Atlantic began producing toy soldiers in the late 1960s, achieving a great popularity in 1971 with the HO scale plastic toy soldier series "Soldati d'Italia" ("Italian soldiers") dedicated to the different branches of the contemporary Italian army. Based on this success, the company began creating series for the World War II armies and other historical periods, including the American Old West, the Roman Empire, and Ancient Egypt. The HO toy soldier line was complemented with a vast series of vehicles, from tanks to heavy bombers, as well as buildings (for example, a miniature Colosseum was created for the Roman Empire toy soldier series). Starting from 1978, Atlantic also commercialized science fiction toy soldier lines, some of which based on Japanese anime such as Captain Harlock and Grendizer.

Besides toy soldiers, Atlantic produced Giocagoal (an association football board game that was a cheaper version of Subbuteo), "Superbasket" (an action figure-based board game of basketball), a series of science fiction action figures known as "Atlantic Galaxy", a few board games, and other minor toy lines.
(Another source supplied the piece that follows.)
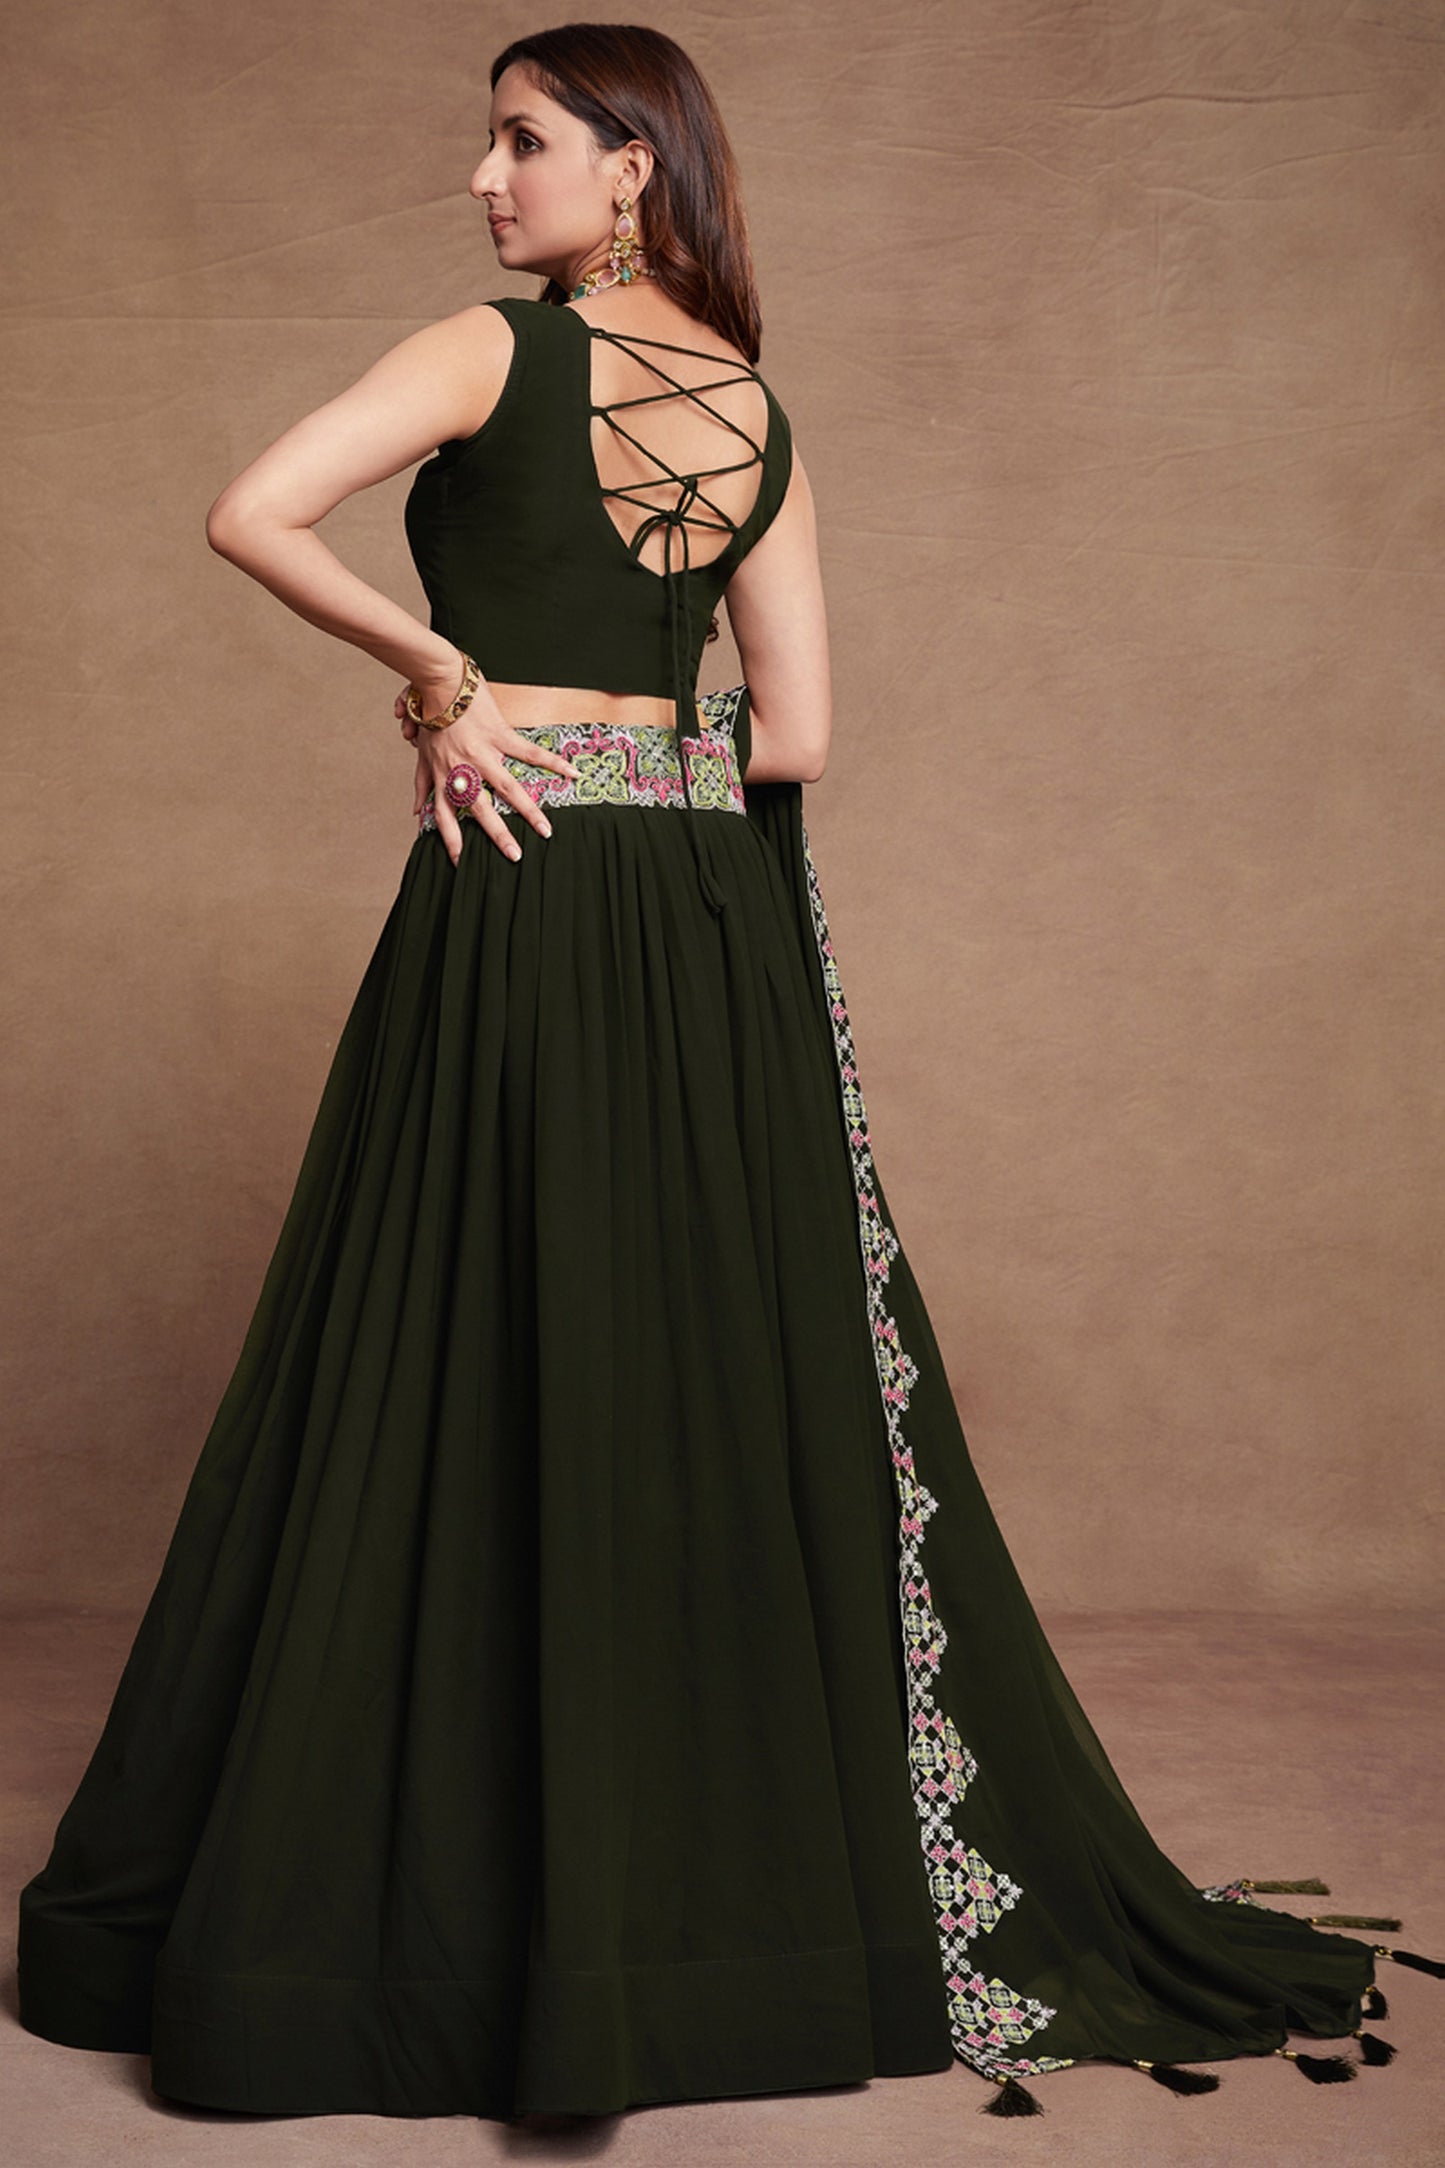 Dark Green Georgette Lehenga Choli 6 Meter Flair For Indian Festivals & Weddings - Sequence Embroidery Work, Thread Embroidery Work

Atlantic ceased creating new lines in 1978; for a few years, it marketed reprints of its classical lines (mostly in scale 1:72) made with plastic leftovers and sold in cheaper packages. By 1984 all production ceased. Reportedly, most Atlantic toy molds were sold to an Iraqi toy company and later got lost or destroyed during the First Gulf War. A few of the molds were acquired by boardgame and toy manufacturer Nexus Editrice, that began creating quality reprints (mostly for the collectors' market) in 1998 and published the miniature wargame "Atlantic Wars" based on Atlantic toy soldiers. Nexus currently owns the Atlantic brand and logo.